With league meetings ongoing in California several rules were passed, and some actually made sense.  However, two of them absolutely doesn’t

The two that I am talking about are The Tom Brady rule, which prevents defensive players on the ground cannot lunge at a quarterback.  Secondly, the Hines Ward rule, which prevent contact to the head on blindside blocks.

The Tom Brady incident was purely a freak accident.  Of course the National Football League had its usual, “Oh crap a superstar quarterback went down.  We have to make sure that doesn’t ever happen again,” moment.

As Si.com’s Ross Tucker said of the rule, “The Ward and Brady rules represent a type of re-engineering that won’t easily happen overnight.”

The fact of the matter is that defensive players are taught no matter what the situation you fight through it to make a play.

Now, players are going to have to be taught no matter what you make a play, but if you wind up on the ground you have to make sure you get up completely first.

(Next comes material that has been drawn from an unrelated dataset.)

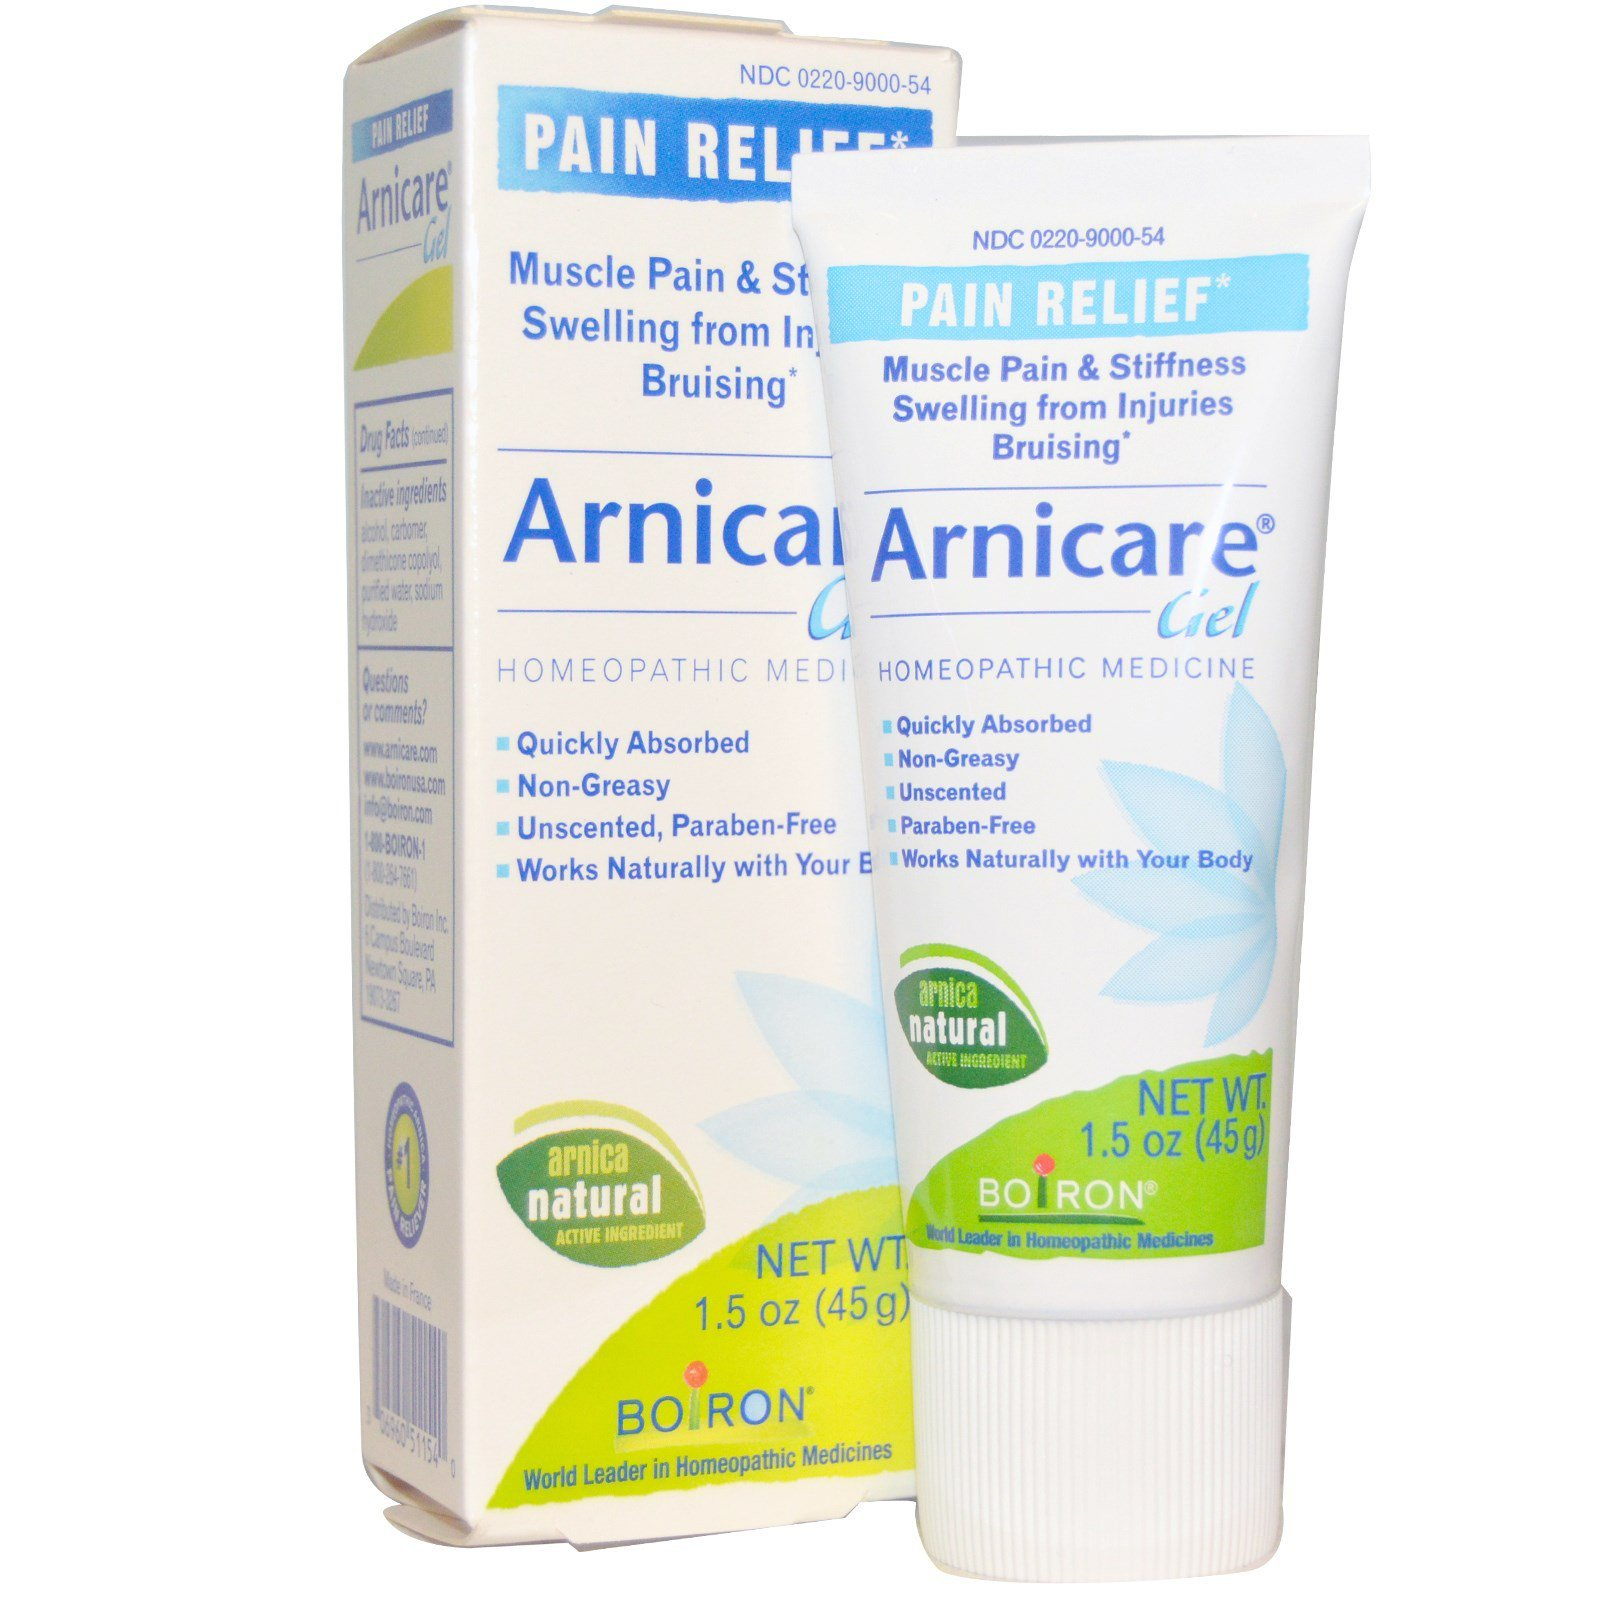 Boiron Arnica Gel Homeopathic Medicine 1.50 oz

The bigger problem is the Hines Ward rule.  The reason being is that it is going to even have effects on the running game.

The effect it is going to have is that it is going to completely eliminate the art of trapping in running games.

A trap block is an offensive lineman vacates his spot on the offensive line to come down the line to block a defensive lineman who is let go to surprise him from the sides, thus making it easier to open a hole for the running back.

The problem is that there is usually helmet contact in the collision, because the instantaneous reaction from the defender to brace for the impact.

Defenders are taught all the way in high school that when you come through a line of scrimmage untouched you are going to get trapped.

Coaches then teach defensive lineman that you immediately respond by turning to meet the offensive lineman.  Then you crouch down and throw your shoulder and arm into the blocker to nullify his block.

I can tell you from my own personal experience of being a defender on the Cheektowaga Warriors highschool football team that heads collide in this instance everytime.

The elimination of the trap block would make it even more harder for teams to run the ball.  That would lower scoring, which would make the games boring.

If the league doesn’t respond to this, then fans will turn away from boredom and go find something else to do with their money.  That means the loss of sales revenue.

If referees start calling penalties on trap blocks, like I expect, head coaches and offensive coordinators will stop calling this type of play.  Thus, an art form that has been in the NFL for decades will be lost forever.